Base64EncodingScheme scheme = new Base64EncodingScheme();
EncodedInputStream eIn = new EncodedInputStream(new FileInputStream("encoded.txt"),scheme);
Byte data[] = eIn.readEncoded();
This class overrides the read method and adds a method called readEncoded, which reads encoded data and returns it as a byte array. The read method has been overridden to always return a -1. Initially this was done because the read method returns single bytes; when decoding data, you may be working with more than a single byte at a time.
EncodedOutputStream
The EncodedOutputStream writes out data using whatever encoding scheme you specify (see Listing 2). Its constructor takes two arguments: InputStream and EncodingScheme. The OutputStream can be almost any kind of stream, such as a FileOutputStream or a socket.
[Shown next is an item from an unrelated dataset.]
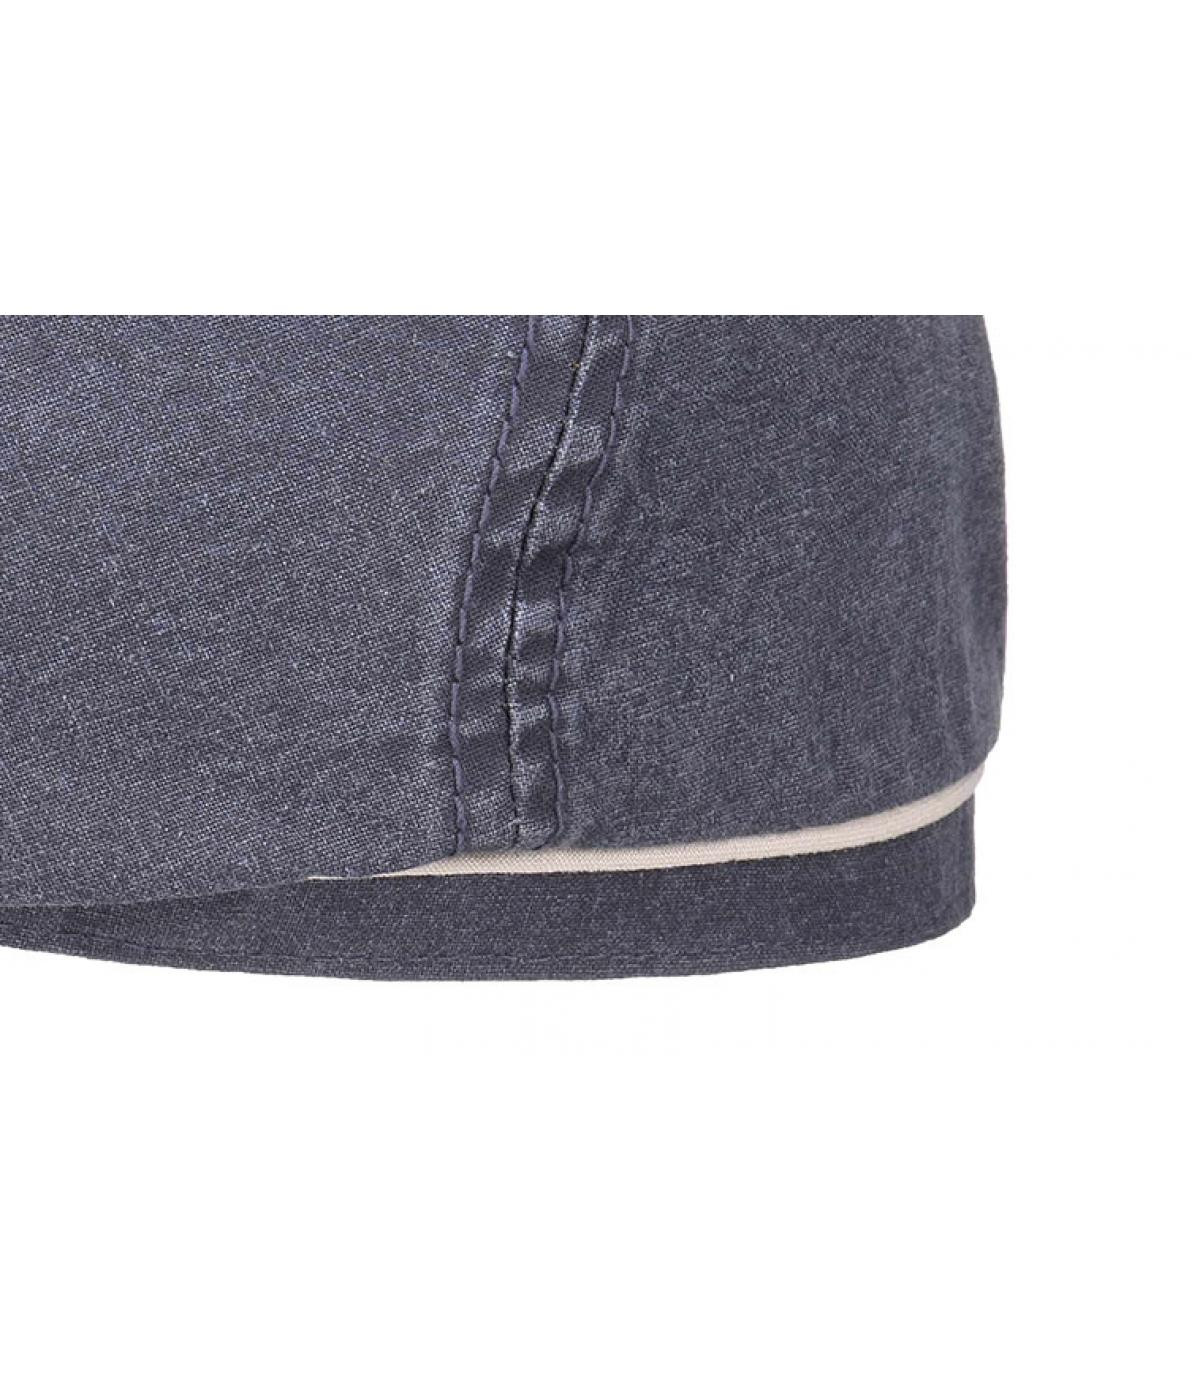 Détails Brooklyn cap waxed cotton organic blue - image 3

Base64EncodingScheme scheme = new Base64EncodingScheme();
EncodedOutputStream eOut = new EncodedOutputStream(new FileOutputStream("encoded.txt"),scheme);
eOut.write("This is unencoded data".getBytes());
This class will buffer output as it's written to the class, encode the data, then write it out to the actual OutputStream specified in the constructor. Use it as you would any other I/O stream - just write either an integer or a byte array and the data will be encoded using the scheme you passed into the constructor.
EncodingScheme
Let's look at the EncodingScheme interface. It's a class that provides different encoding implementations such as the Base64 used in this article (see Listing 3). Its two methods are encode and decode. The EncodedInputStream and EncodedOutputStream delegate to this class when writing and reading the data. Rather than impose different encoding scheme implementations on a user of the stream, developers can plug in different encoding schemes (Quoted-Printable, 7Bit and Base64) and use familiar methods to read and write data without requiring significant changes to their code.
Base64 Encoding Scheme
Before moving to our sample application, we need to implement an encoding scheme; I'll show the Base64 encoding scheme. This scheme basically reorganizes three 8-bit chunks into four 6-bit chunks (see Figure 2). These four 6-bit chunks are represented using a special NVT ASCII character set. The "=" sign is used to pad chunks that aren't a multiple of 3 bytes. You must also organize encoded data into chunks no greater than 76 bytes each. A more formal explanation is available in RFC 2045. As noted previously, encoding increases the size of your data. Base64 increases the size by approximately one-third.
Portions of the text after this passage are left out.